• [DATA PROVIDED]
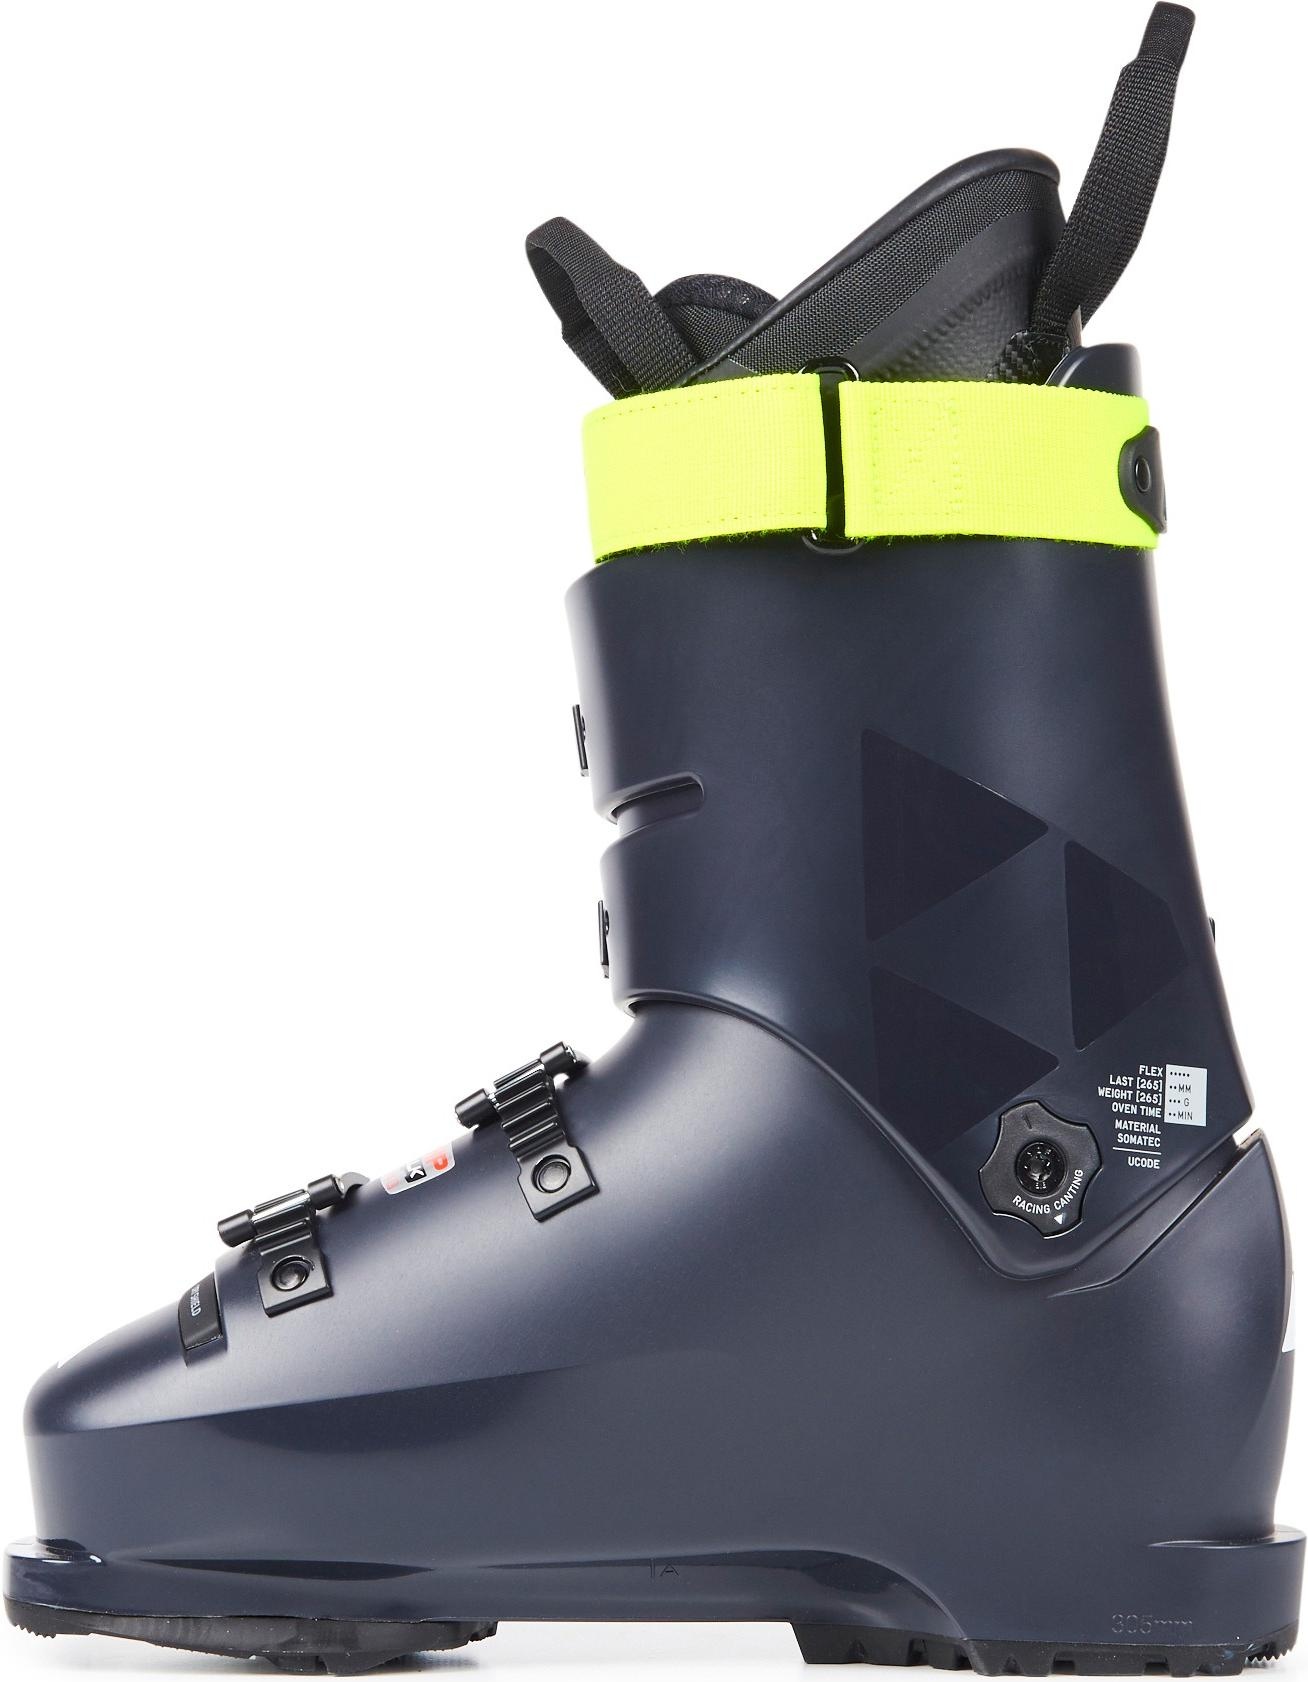 Горнолыжные ботинки Fischer Rc4 The Curv 110 Vacuum Walk 2021, darkgrey/darkgrey, 28.5
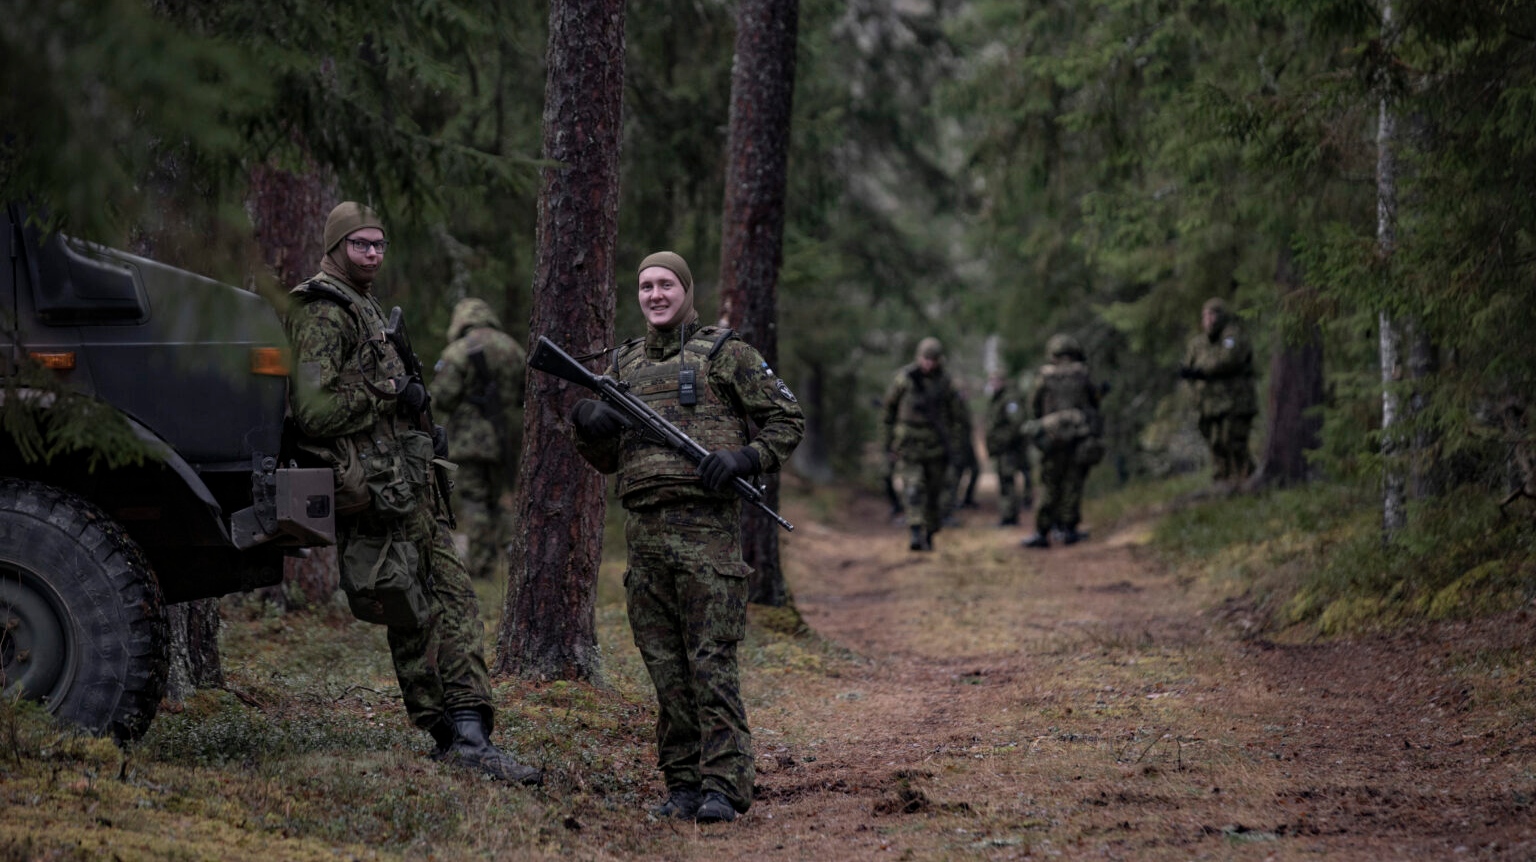 Армия Эстонии
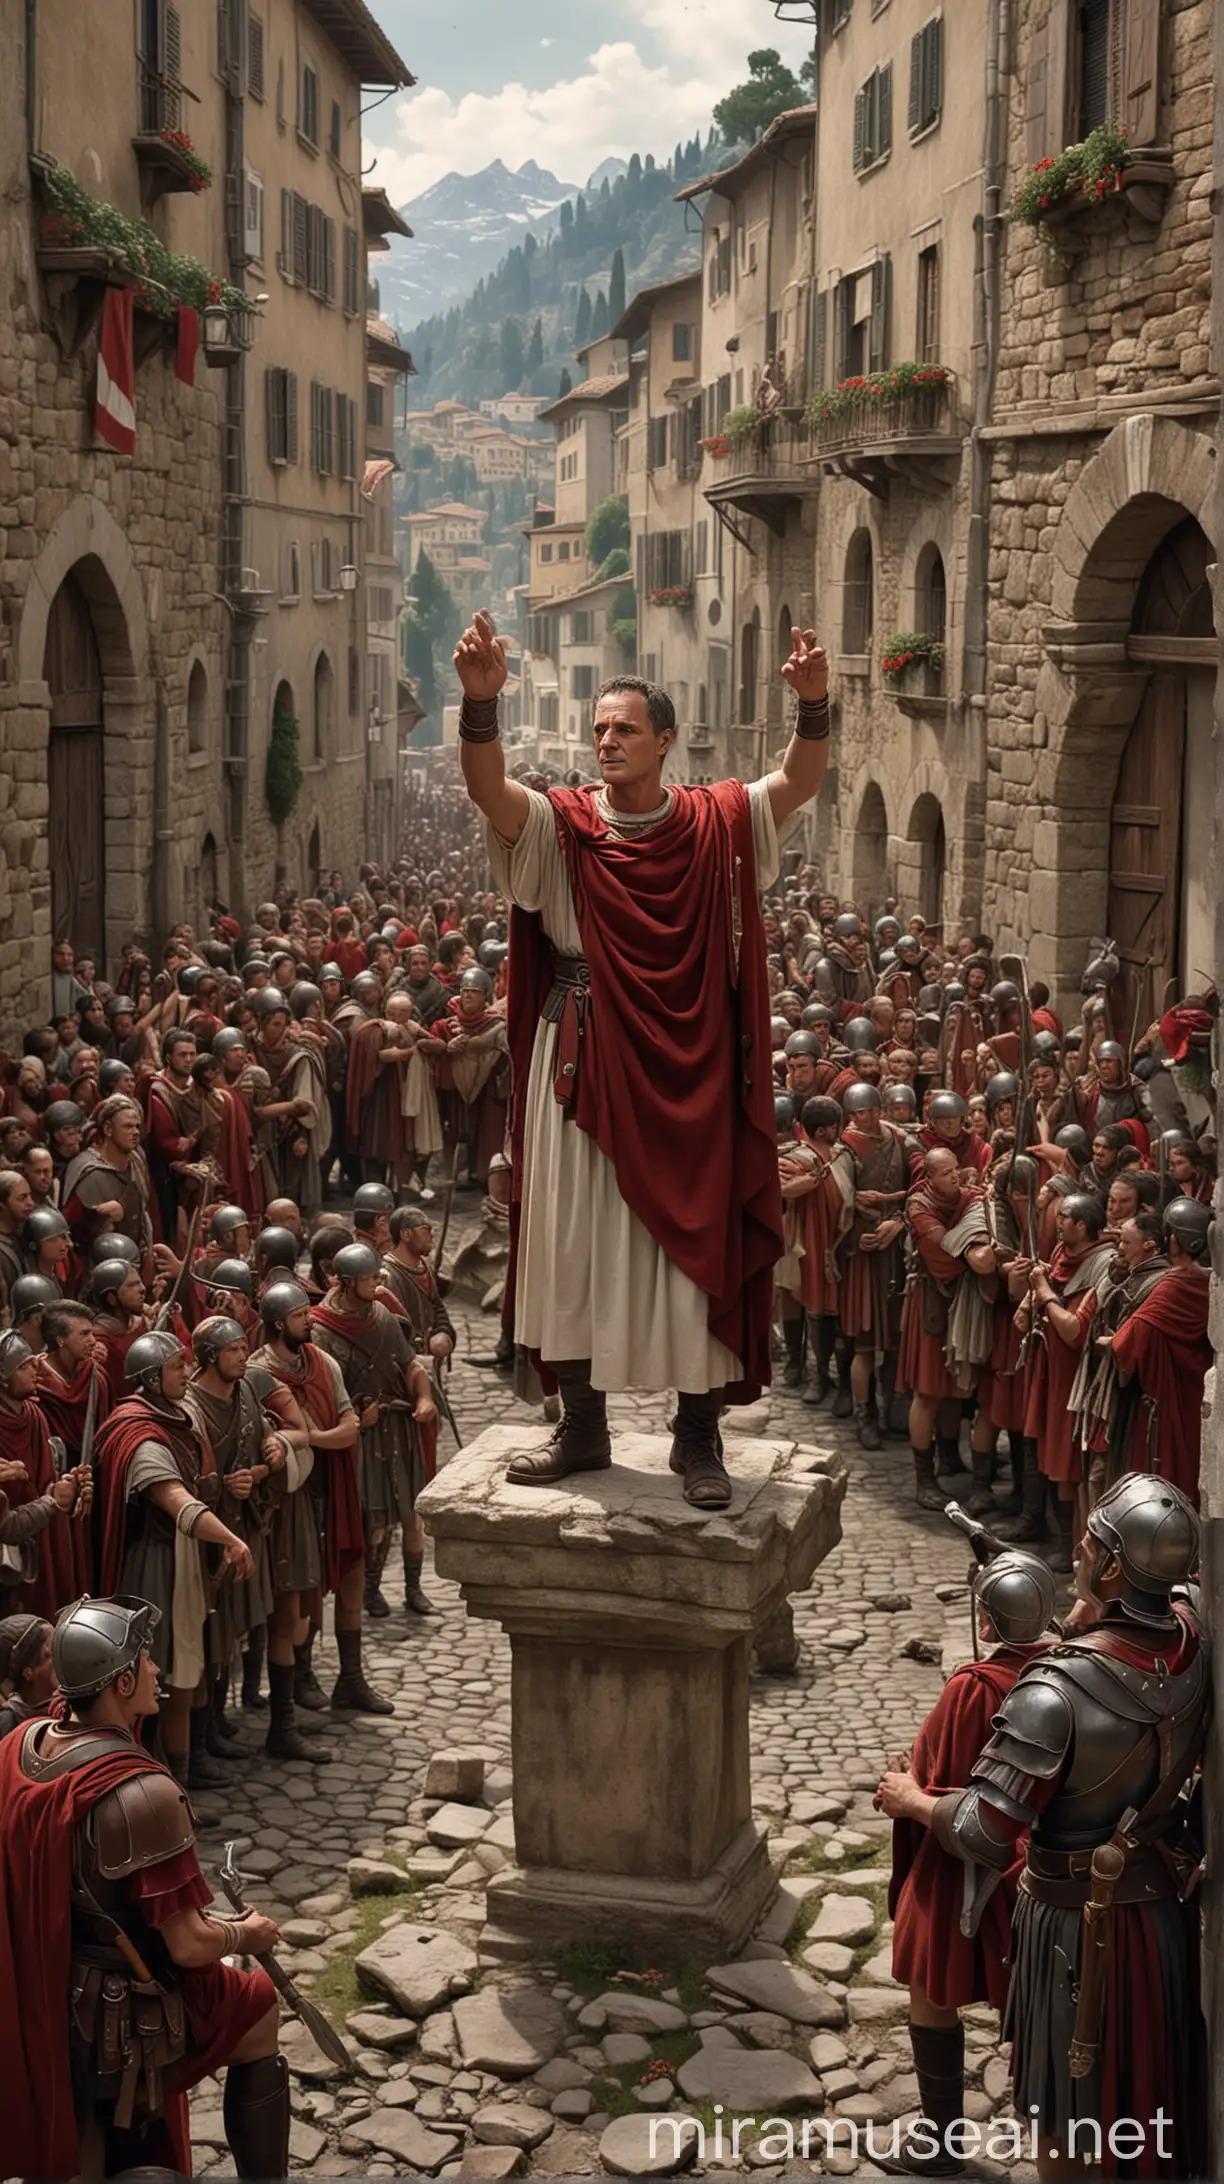 Julius Caesar Leading Soldiers in Alpine Village

• [PROBLEM DETAILS] Keep every word of the data as it is when you write it out, but drop the pictures.

• [SOLUTION FOR THIS TASK]
 Горнолыжные ботинки Fischer Rc4 The Curv 110 Vacuum Walk 2021, darkgrey/darkgrey, 28.5
 Армия Эстонии
 Julius Caesar Leading Soldiers in Alpine Village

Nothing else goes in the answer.